The evaluation in this study will focus on the Clouds-Based Collaborative and Multi-Modal Mixed Reality. By using this mixed reality application at the Western Australia Shipwreck Museum, visitors can collaboratively interact with 3D models, videos, audio, and textual information related to Xantho. The experience is delivered to users via Microsoft HoloLens device. A total of two users can collaborate and interact with the mixed reality experience at the same time. Users have a choice of speech, gaze, gesture, and movement to use to interact with the mixed reality environment. They can interact with 3D models, read text, and play audio and video the media content presented. The two users experiencing the mixed reality environment can collaborate and communicate while navigating through the story of Xantho.
The experience begins with the application asking users to provide stage ID to locate a shared location that will be used to load the mixed reality environment onto.

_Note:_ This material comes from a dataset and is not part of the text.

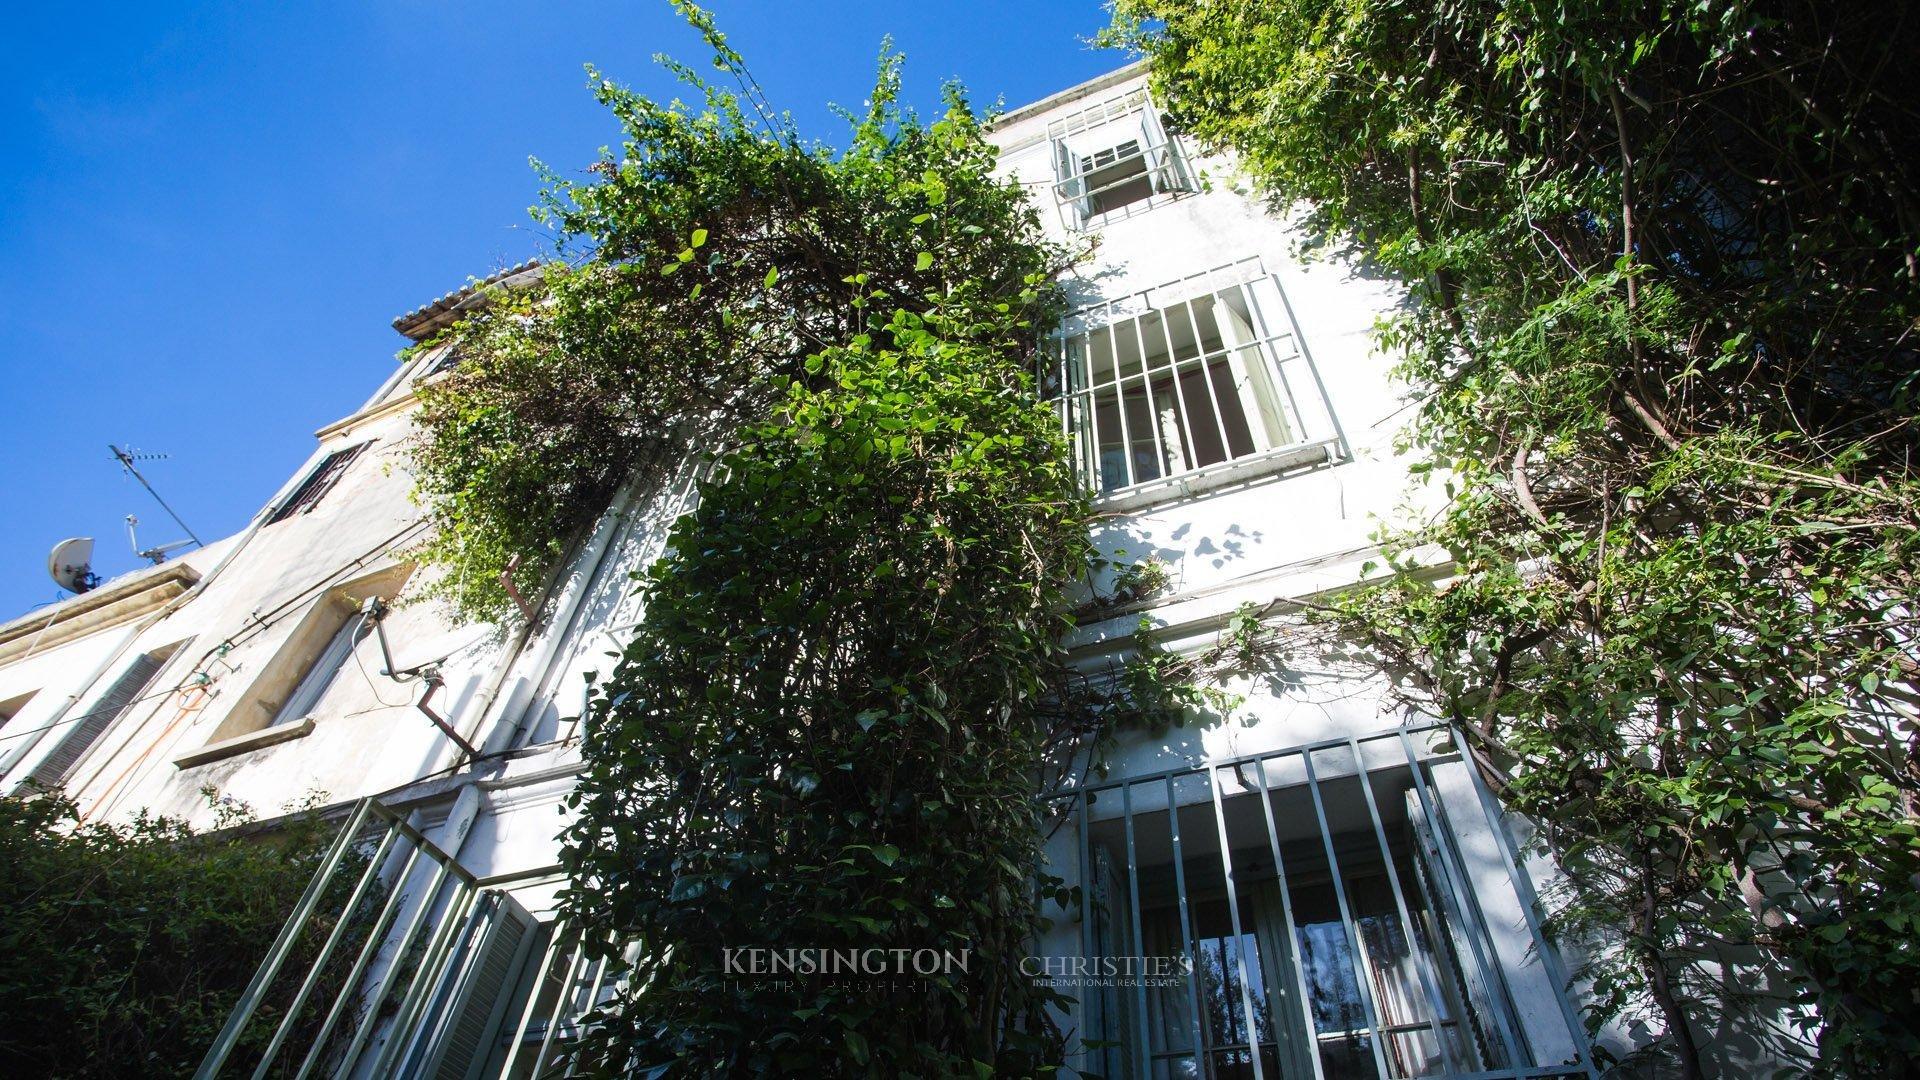 KPPM01122: Villa Ekat Luxury Villa Tanger Morocco
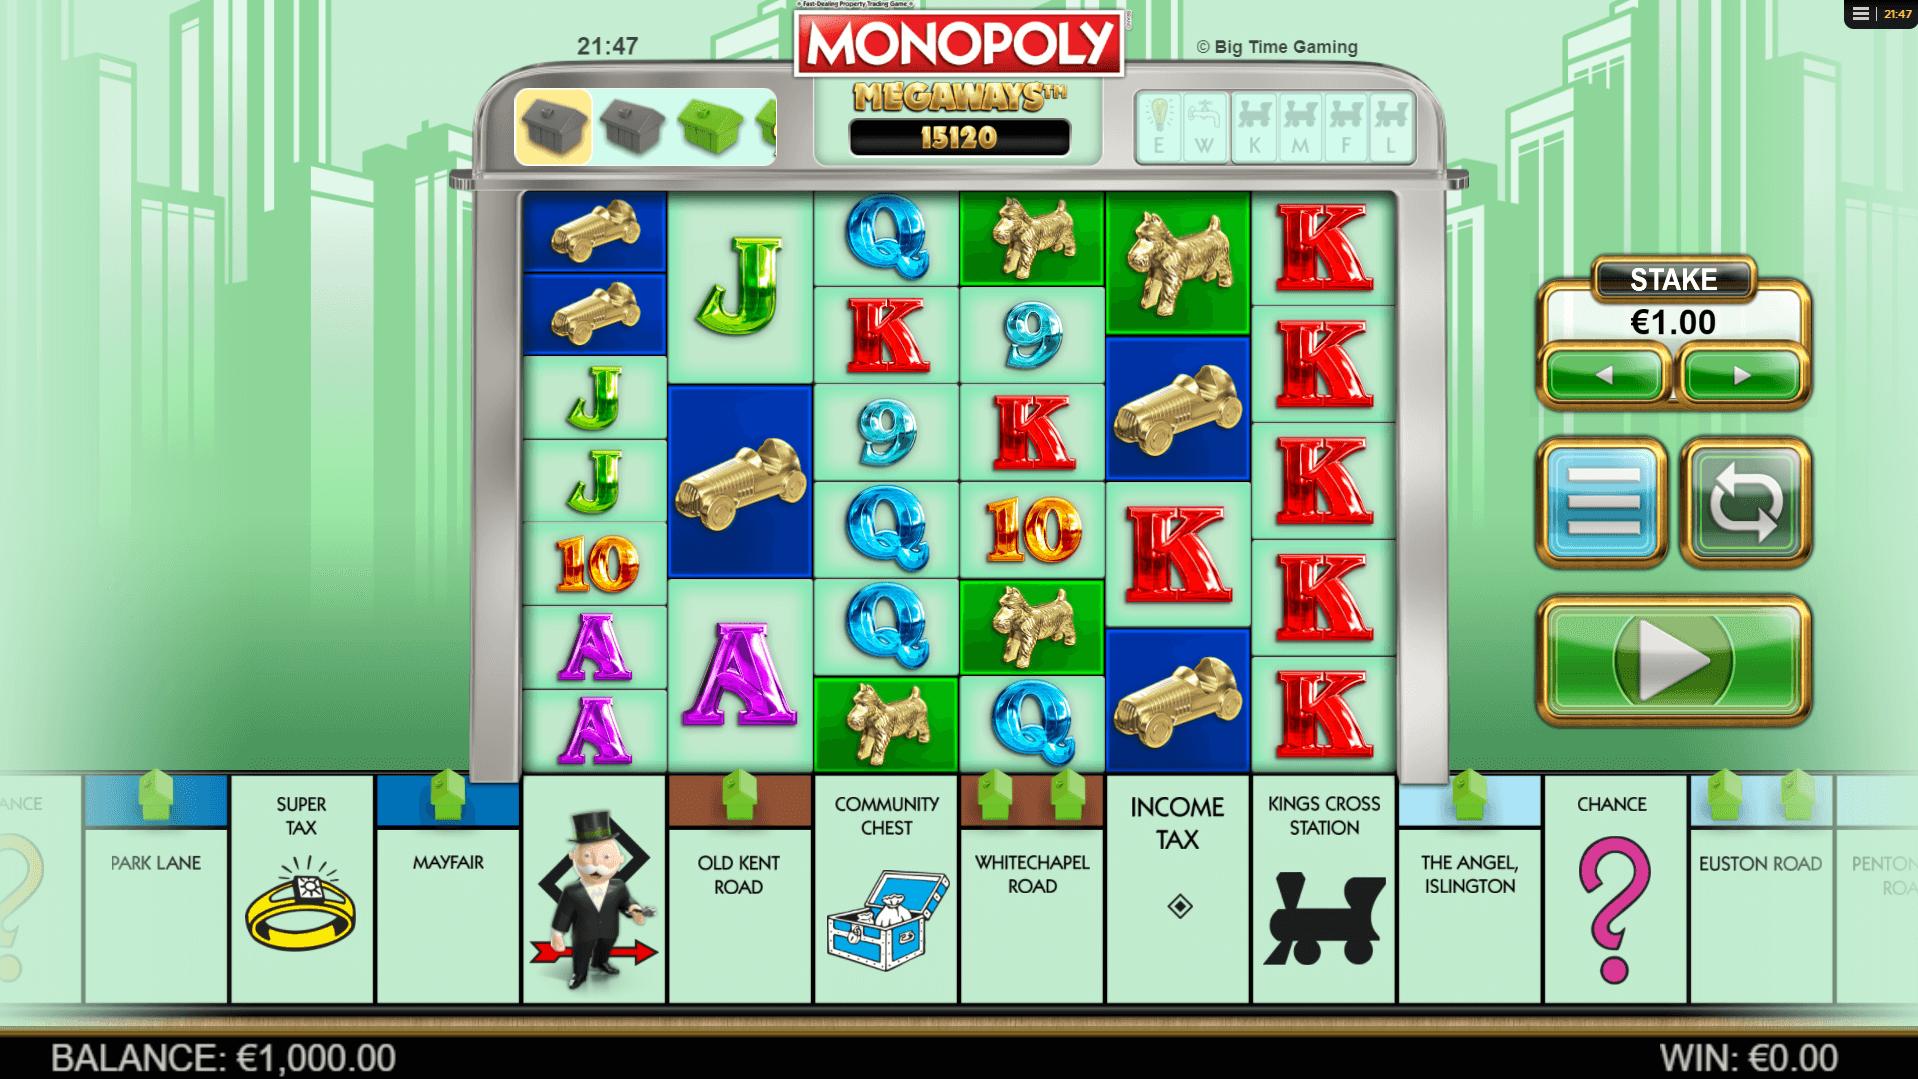 Monopoly Megaways slot machine screenshot

Figure 3 shows users interacting with the application (see the
Supplemental Materials to view video of the mixed reality experience). The stage ID can be set and passed to users either by a curator or one of the participants who plays a role of a guide [
17]. We invite readers to refer to this published article. Once users supply the stage ID, the HoloLens devices will load the mixed reality environment at the shared location and users start interacting with the environment. The experience takes approximately 15–20 min and has four segments. The first segment introduces users to Microsoft HoloLens and the interaction methods they can utilise. The introduction is delivered by a male virtual guide. After this segment, users select to begin the story of Xantho and then the Walkable Mixed Reality Map (second segment) is projected on the floor. At this stage, users start to explore the content collaboratively. This segment focuses on the early life of Xantho. After this stage, users can freely navigate through segment three (focuses on the wreck of Xantho) and segment four (focuses on the discovery of the wreck of Xantho). Interaction with content and the environment is achieved via a multi-modal interaction method that combines speech, gaze, gesture, and movement. This provided users with the flexibility of switching between different modes.
4.2. Measures
The instruments used for the evaluation were questionnaires and semi-structured interviews. The questionnaire used for this study had a total of nine measurement items scored on a 5-point Likert scale, one open question, and six demography questions (see
Table 2 and
Table 3). The measurement methods were adopted from Technology Acceptance Model (TAM) and Bae, Jung [
40]. The semi-structured interview had five predetermined questions.
4.3. Data Collection
The survey and interview were conducted over two evaluation sessions that took place at the Western Australian Shipwreck Museum on the 7 and 14 October 2021. The evaluation was conducted by the primary author as part of his PhD research. Experts, archaeologists, curators, and researchers from the museum participated in the evaluation.
After completing the mixed reality experience, participants were given a tablet computer to respond to the questionnaire. Once responses were gathered, participants were asked five semi-structured questions. The interview was recoded on a recording device (smartphone) and transcribed for further analysis.
A total of 11 experts from different departments of the Western Australian Shipwreck Museum participated in the evaluation.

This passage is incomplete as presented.